Unsupervised clustering of the 16 DDLPS/LMS RNA samples according to their MCP-counter Z-scores revealed a bipartite pattern (Fig. 7a). All the LMS samples were classified to SIC A as defined by Petitprez et al., while most DDLPS samples except one were classified to SIC B . The SIC B cluster can be further divided to two subclasses (B1 and B2) with the B2 subclass has a higher immune cell content in general. We also looked the expression of individual immune checkpoint molecules in the sample. It showed a higher representation of PD-L1 in LMS and higher TIM3, PD1 and CTLA4 in DDLPS in some individual samples. Overall, the immune checkpoint point molecules are not highly active consistent to the observed ICI treatment efficiency in STS. However, the expression profiles of individual patients are worth to check when an ICI prescription is considered.

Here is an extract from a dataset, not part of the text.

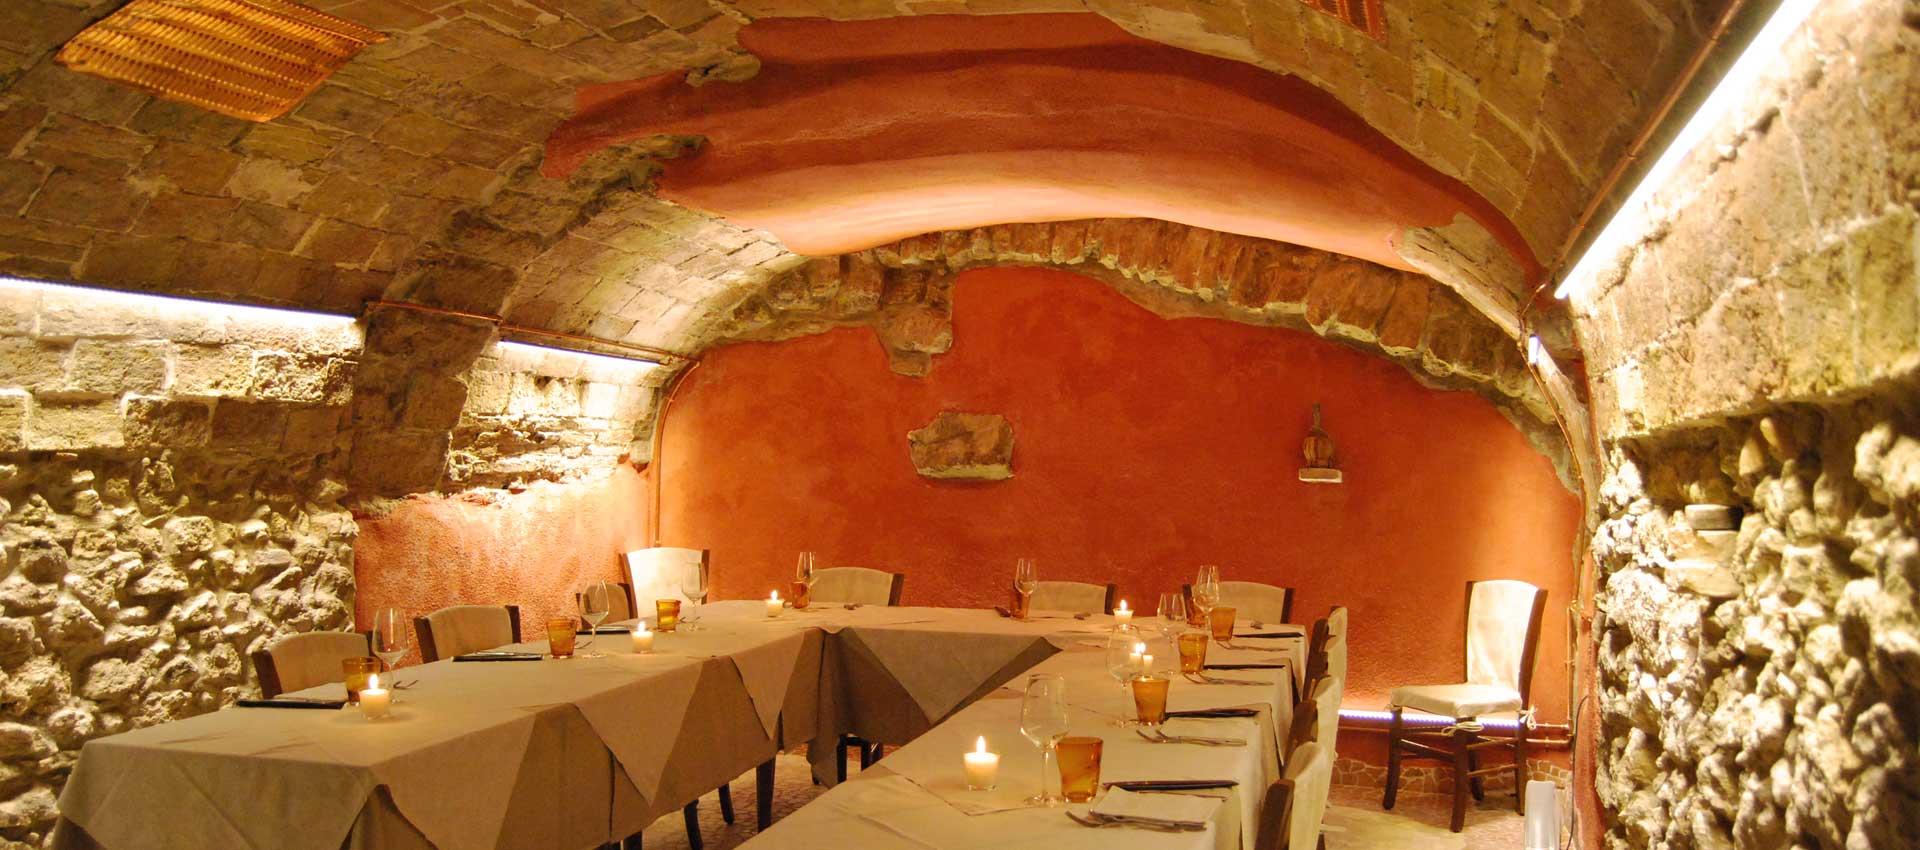 grotta-hotel-da-lino-san-marino-1920x850

Our analysis revealed distinct mutation patterns and tumor microenvironments between LMS and DDLPS. This further testifies the diversity of STS and highlights the necessity of differential diagnosis and treatment of STS.

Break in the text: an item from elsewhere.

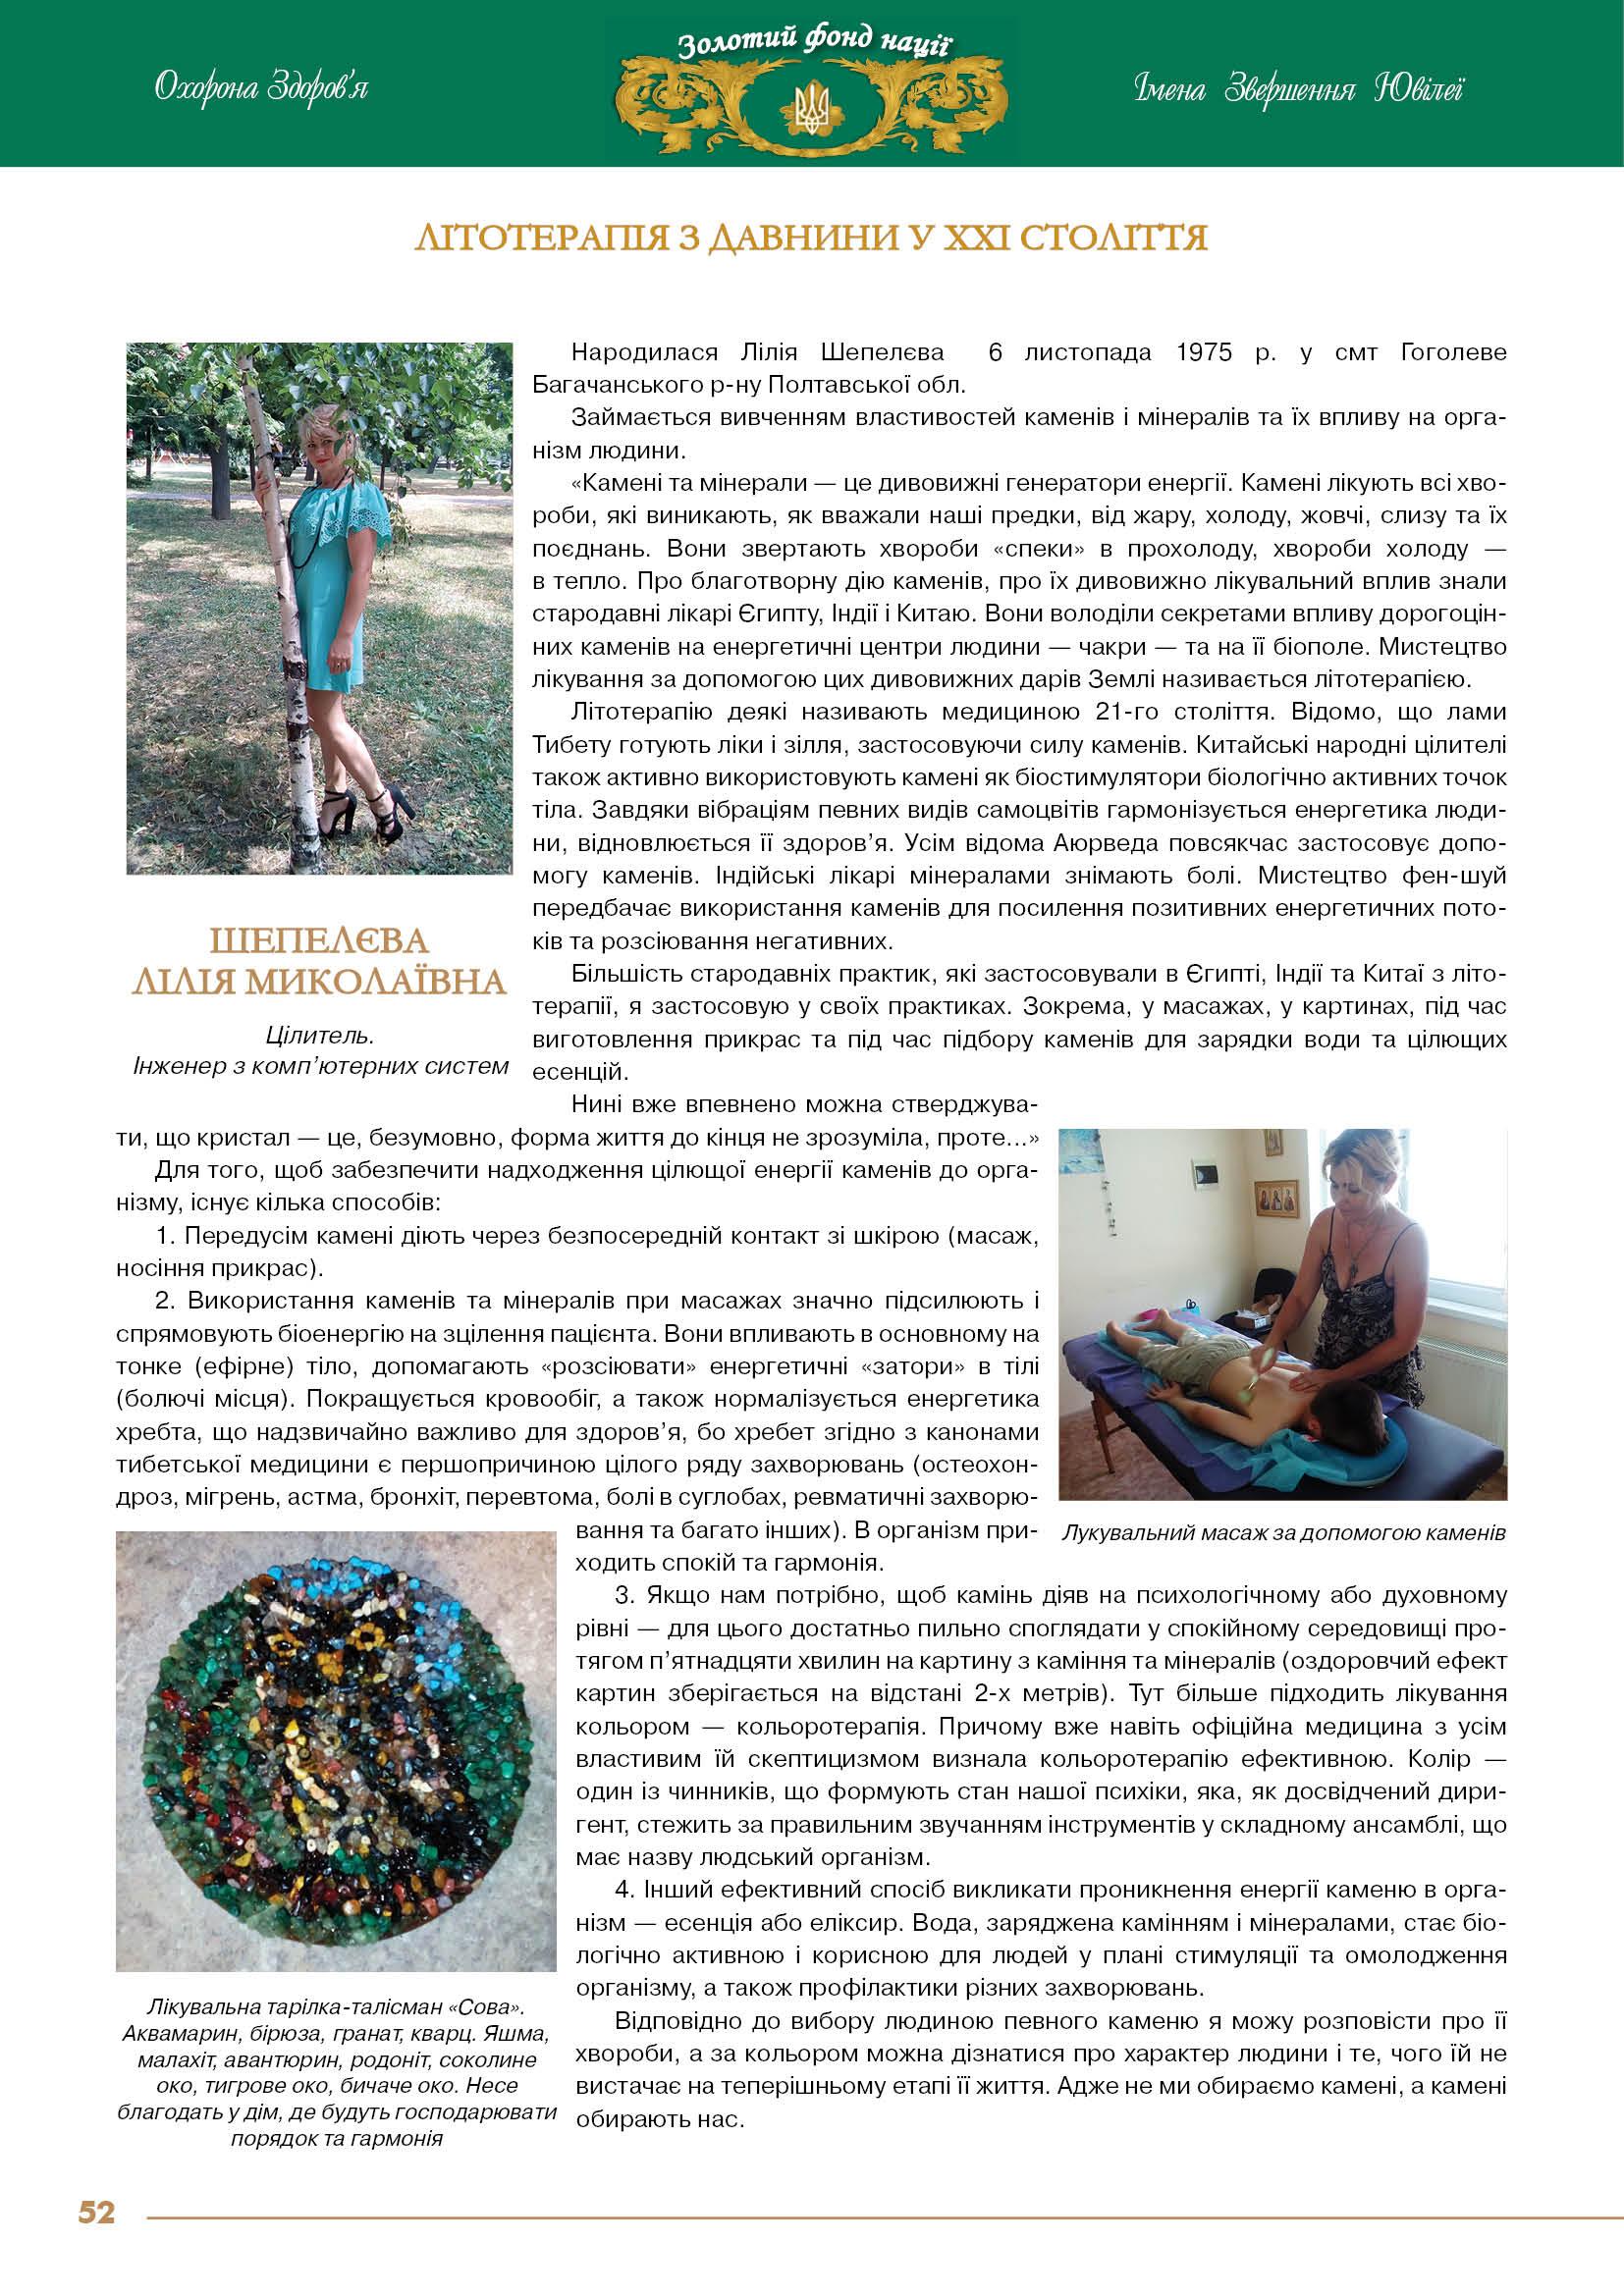 Шепелєва Лілія Миколаївна

Genetic changes drive phenotypic change and eventually clinical manifestation and outcomes of disease. Both LMS and DDLPS belong to complex-karyotype STSs with an unbalanced karyotype and severe genomic aberrations. In this study, we revealed multiple chromosomal rearrangements in DDLPS, particularly the ones involving Chr12. These rearrangements were correlated with abundant gene amplification and fusion events as well. In contrary, LMS has fewer chromosomal level rearrangements, gene amplification and gene fusions (Figs. 3, 5, and 6). Notably high gene copy amplification and expression of MDM2 and CDK4 are detected. The two genes have been reported to promote the transformation of mesenchymal cells to DDLPS and it was suggested that they work together in the process [30, 35,36,37]. A simultaneous detection of highly upregulated gene expression upregulation and gene copy number of both genes in this report further strengths their role in DDLPS tumorigenesis. Therapies targeting to MDM2/CDK4 axis is expected to relief patients from DDLPS.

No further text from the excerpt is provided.